The report said that testing and tracing efforts should reach 70 percent of all contacts within two days. The state is at the forefront of tracing nationally, with 1,000 tracers already hired. But 5,000 to 10,000 tracers will be needed, according to the council.
How employees commute will also need to be reimagined. Public transit could be a source of infection, and employers may need to consider car pools and private vans. Subways and buses may operate at reduced capacity in order to adhere to social distancing measures — or even consider assigned seating.
Pagliuca has emerged as a bridge between Massachusetts business and government leaders and Scientists to Stop COVID-19, a national ad hoc group of academic medical experts that also has formulated a detailed plan for ending the pandemic and returning some normalcy to civic and business life.

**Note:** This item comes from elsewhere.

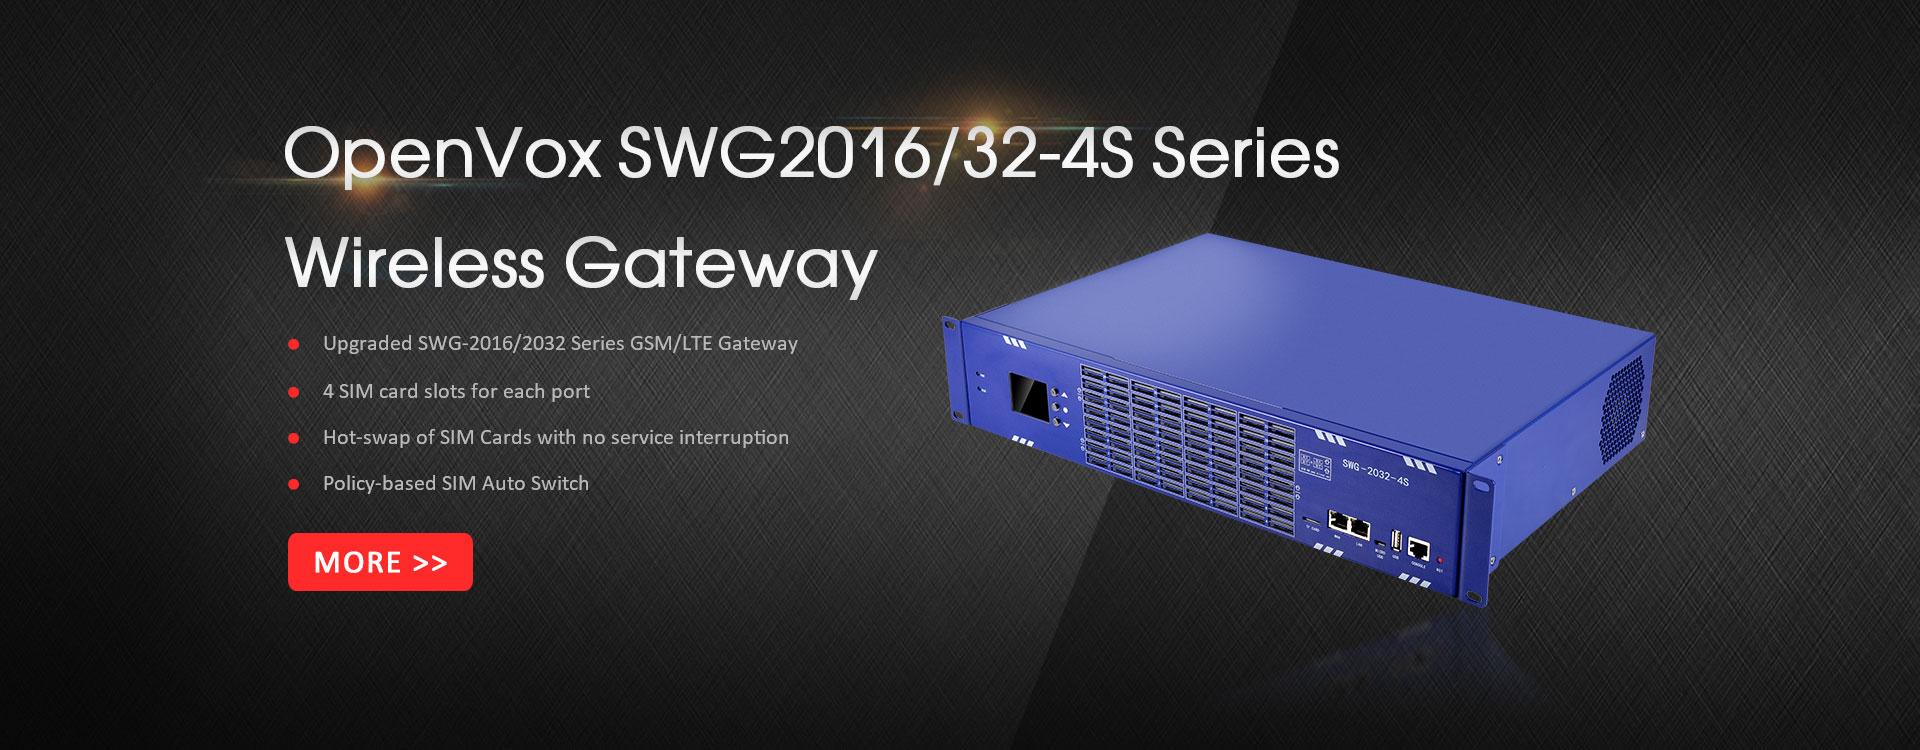 SWG2016-32-4S

The committee — put together by Tom Cahill, a Boston doctor turned venture capitalist, and including scientists from Harvard, MIT, and other local schools — laid out four key steps and a time timetable that partially informed the council’s game plan:
- Find existing drugs to treat COVID-19 patients, a process that has already begun, most notably with remdesivir, which the Food and Drug Administration cleared Friday for emergency use
- Develop therapies that use the body’s own antibodies to ward off the virus, with testing through the summer
- Develop and deploy vaccines by the fall of next year
- Begin to gradually reopen the economy as soon as this month
Pagliuca emphasized that all the strategies outlined in the council’s work need to come together to allow a reopening.
“Everything is interdependent on everything else,” he said in an interview. “If you don’t have tests, you’re going to have more people in the hospital. If you don’t have tracing, you’re going to have more people in the hospital. … If you’re going to go back to work, you have to try not to overwhelm the hospital capacity. If you overwhelm that capacity, you’re going to have to shut down again.”